Only the pictures are to be dropped, and the rest of the data should be copied exactly.

Collected material:
== Segment start ==

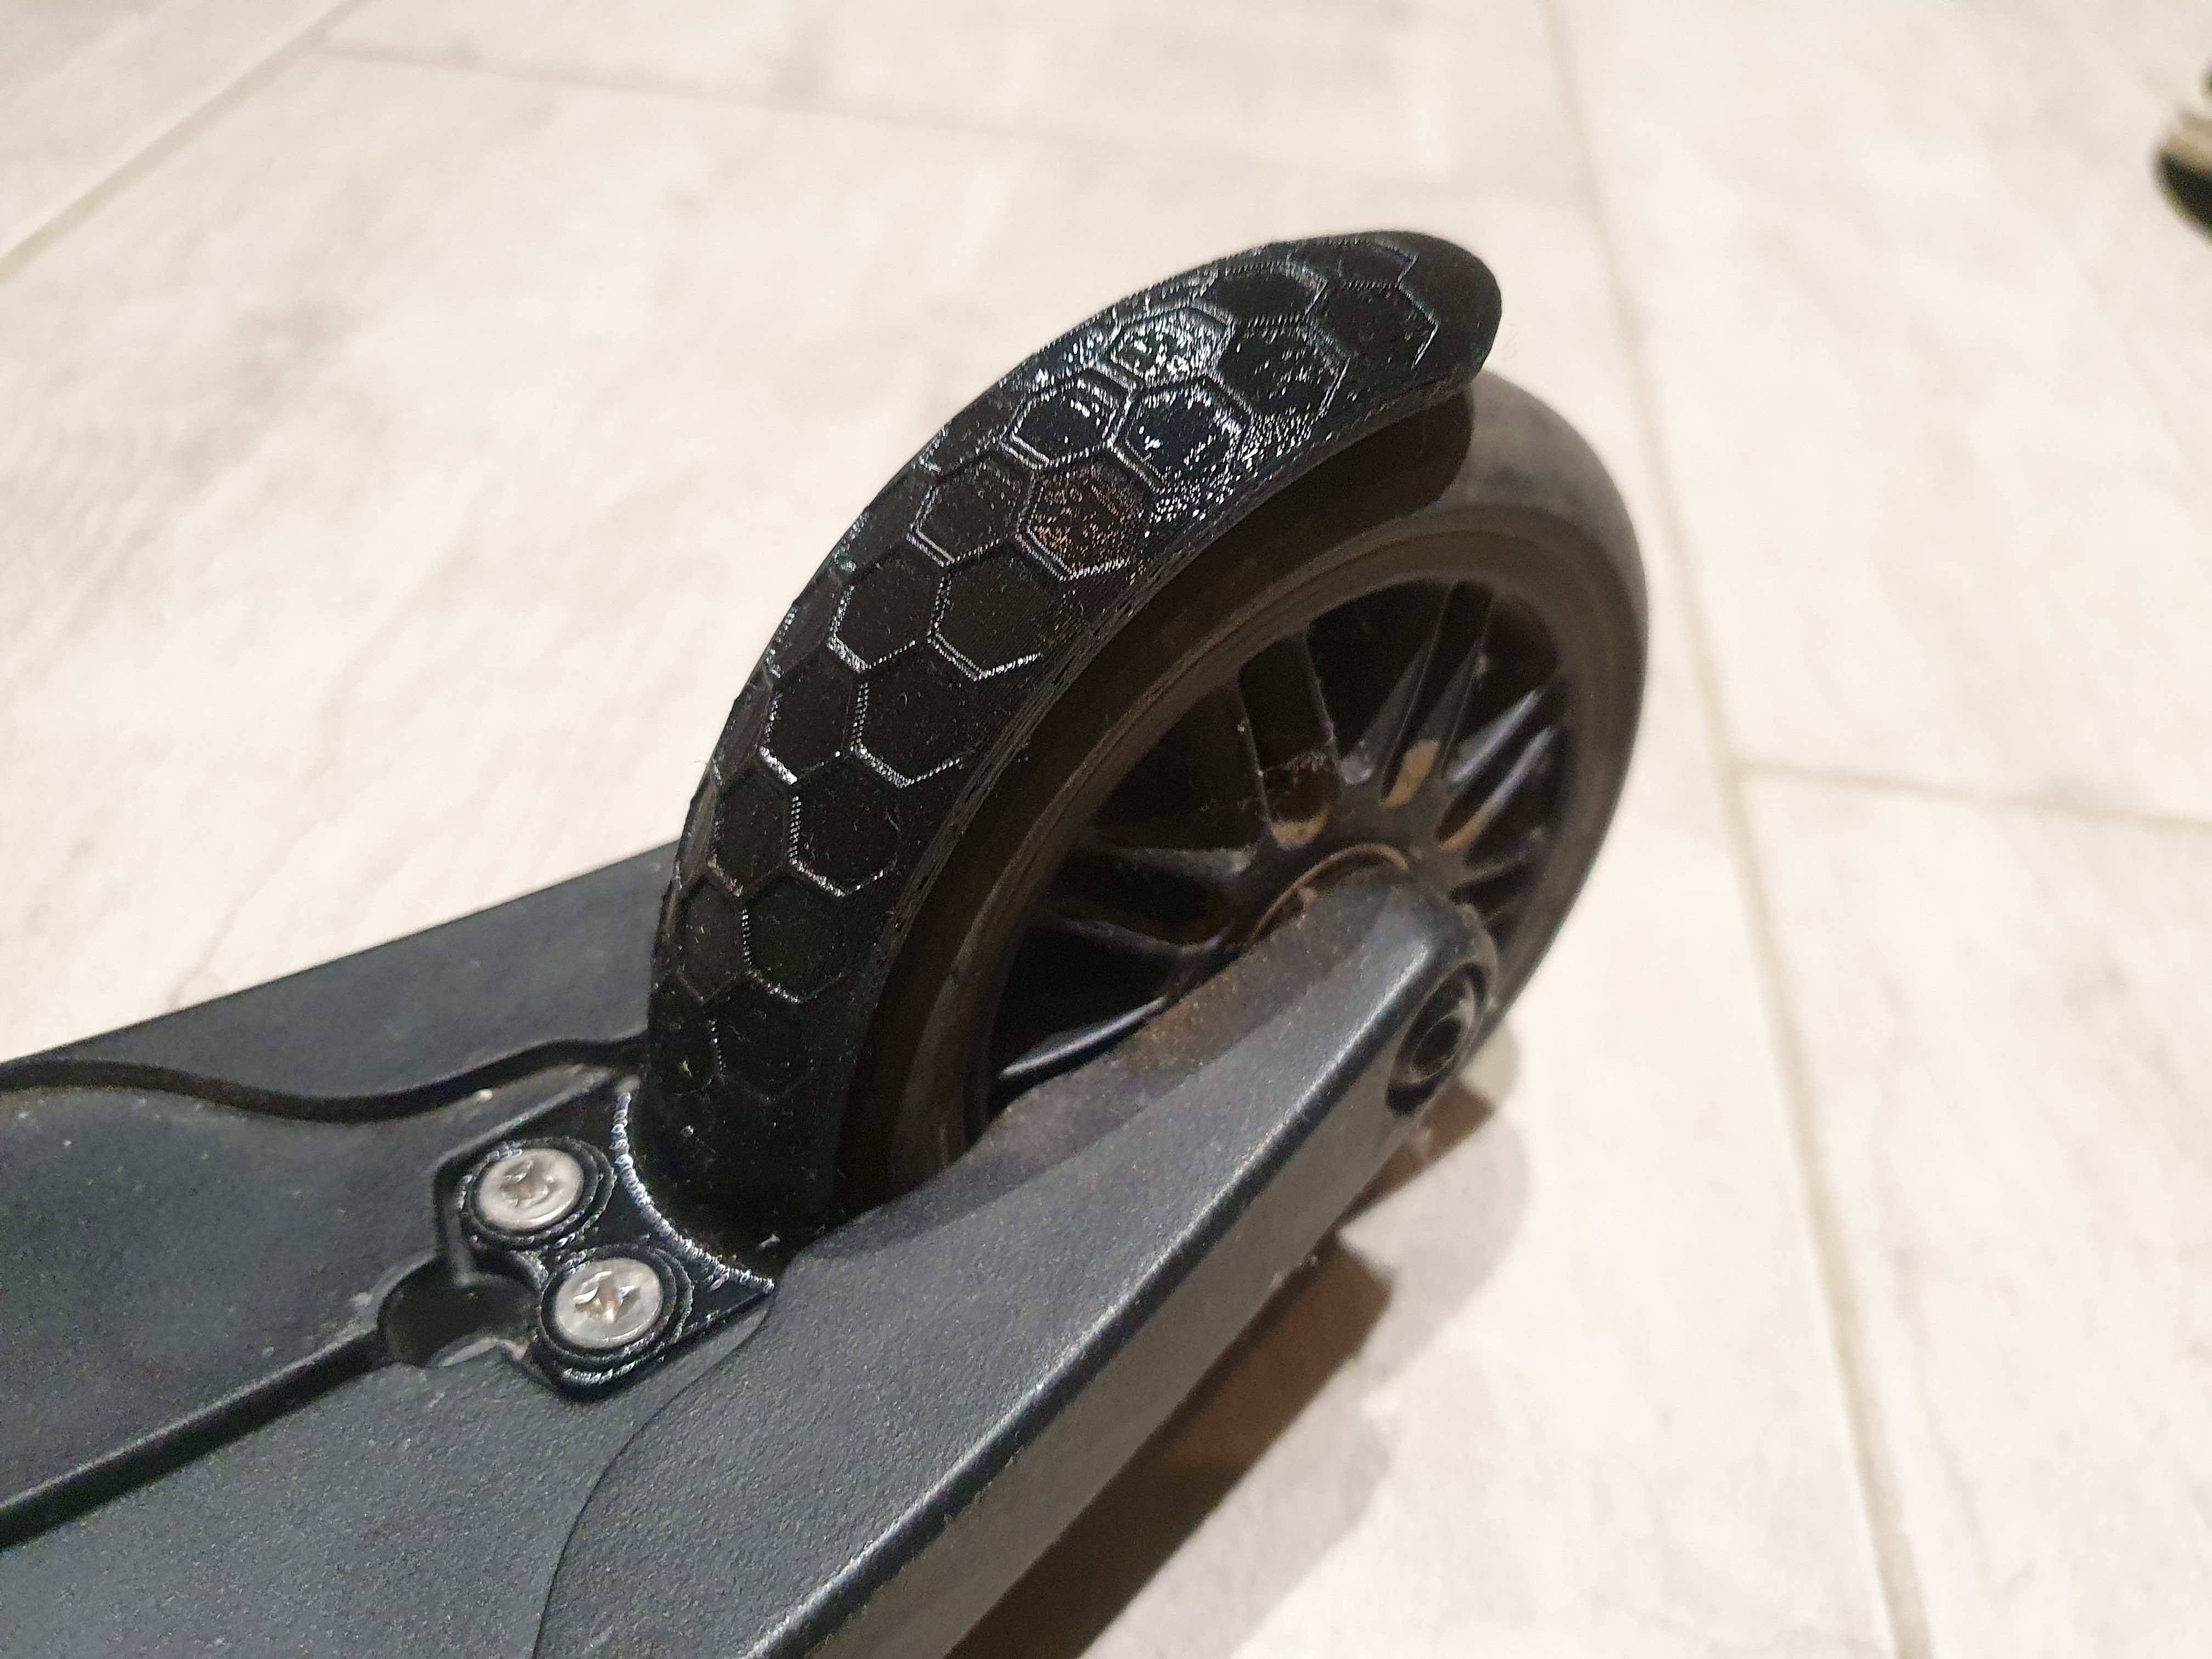 Decathlon Oxelo scooter - brake replacement
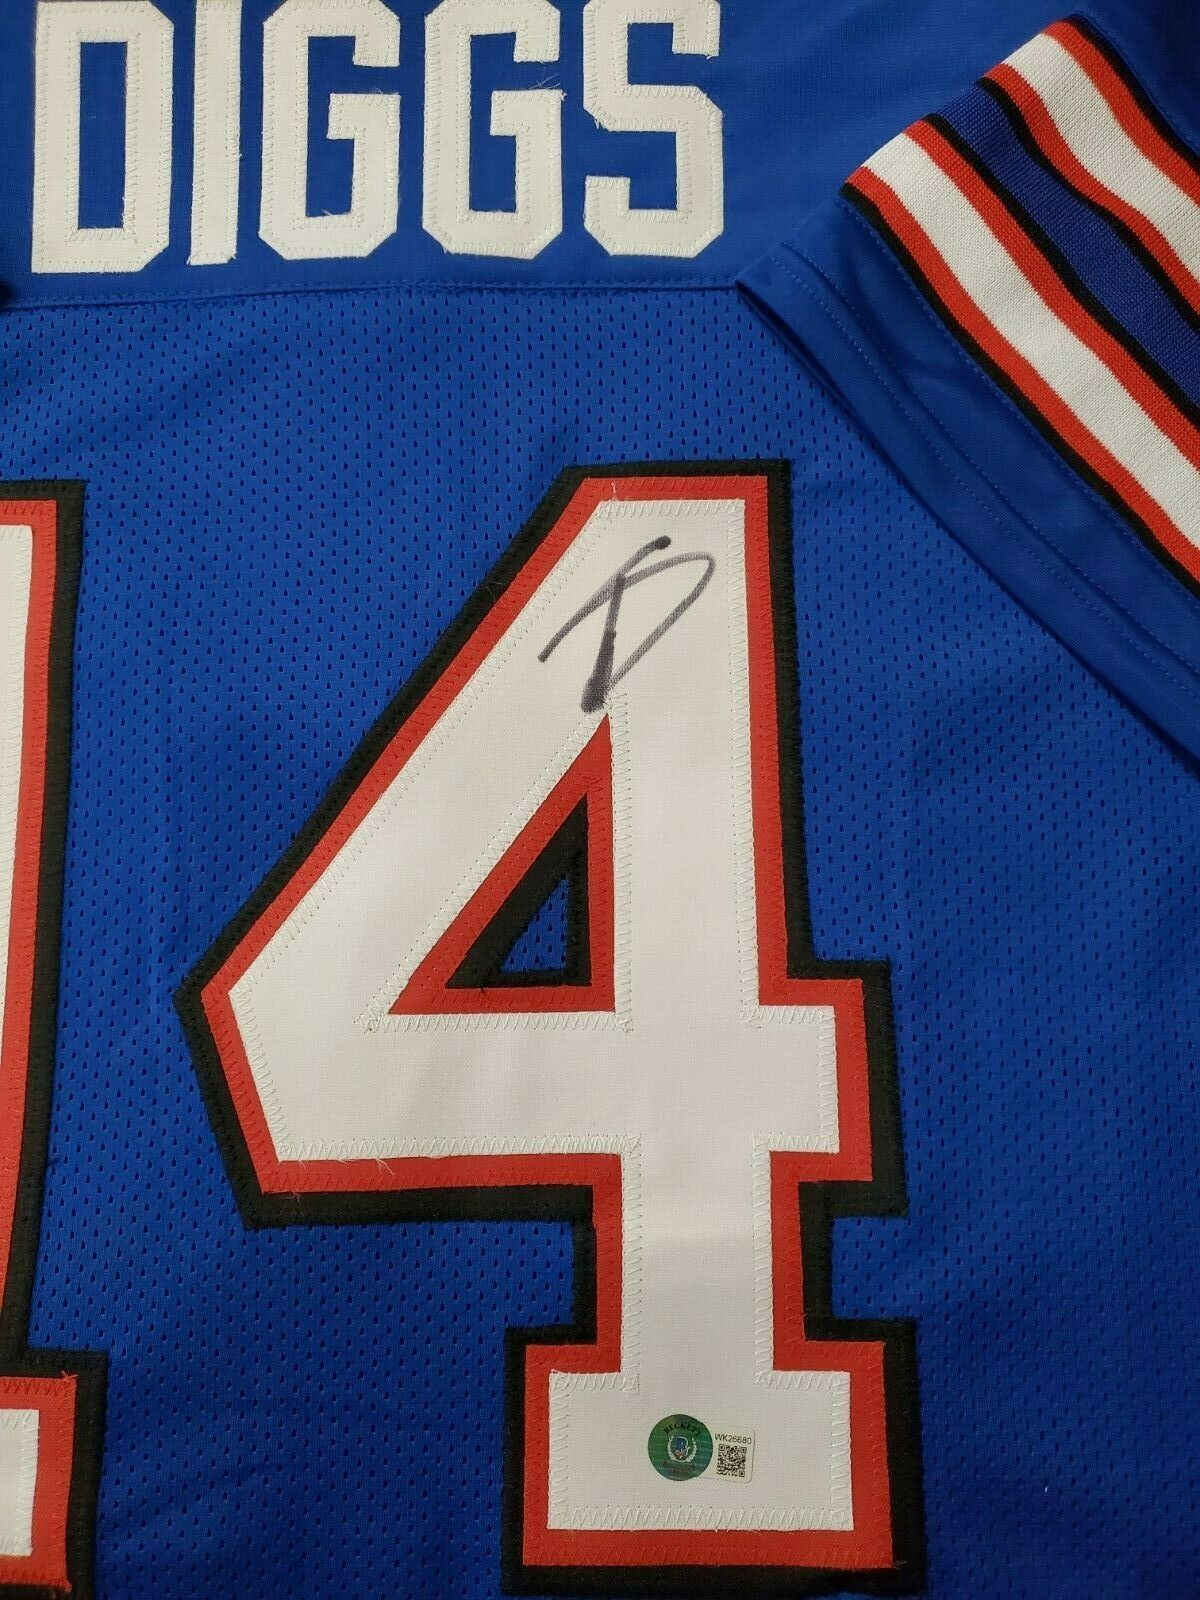 stefon diggs signed jersey
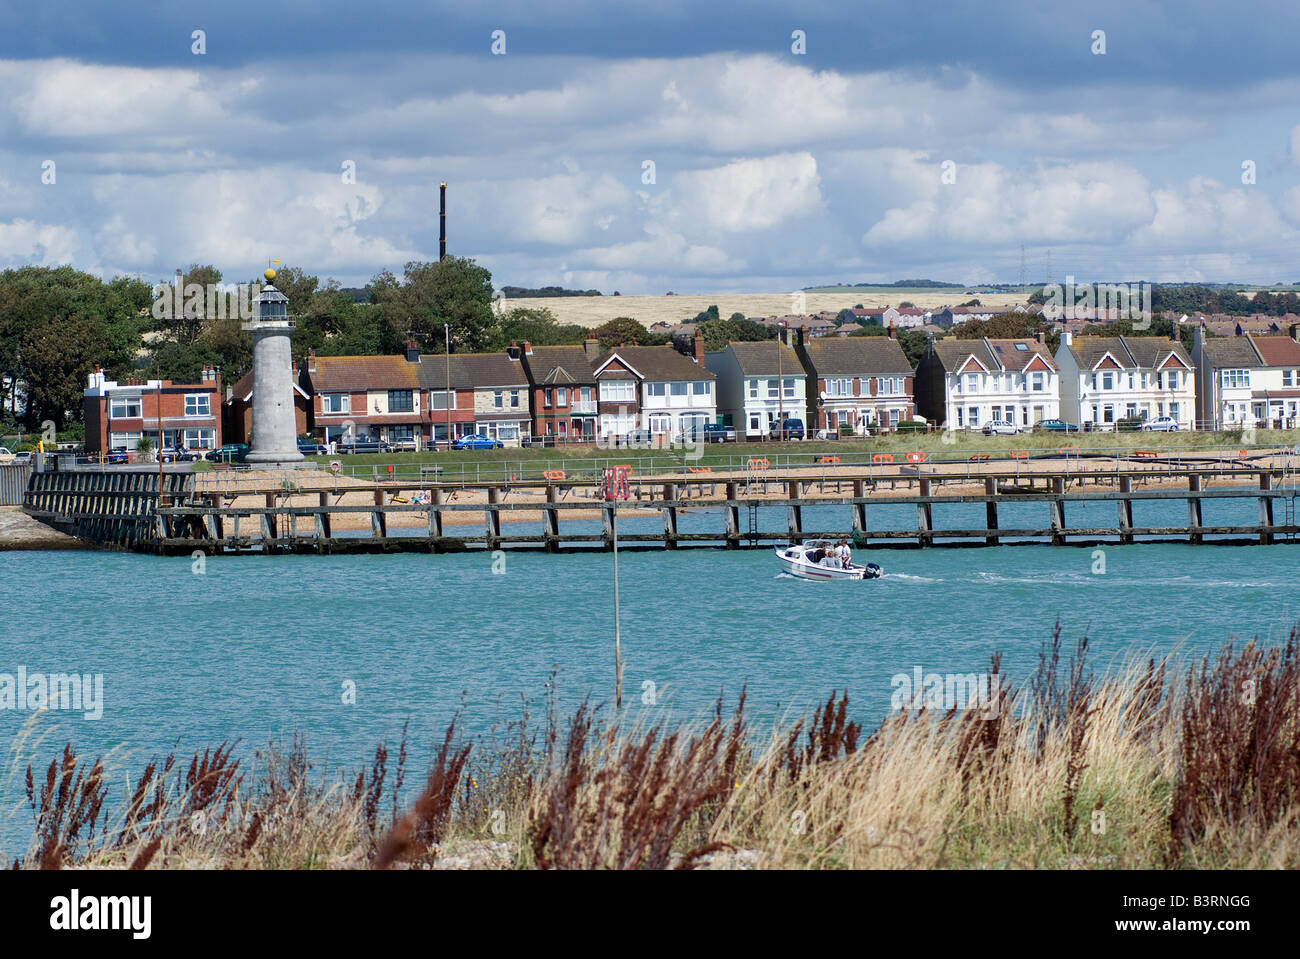 Shoreham by Sea West Sussex English seaside resort England UK The lighthouse and housing on the coast road Stock Photo

== Segment end ==

Response to the exercise:
 Decathlon Oxelo scooter - brake replacement
 stefon diggs signed jersey
 Shoreham by Sea West Sussex English seaside resort England UK The lighthouse and housing on the coast road Stock Photo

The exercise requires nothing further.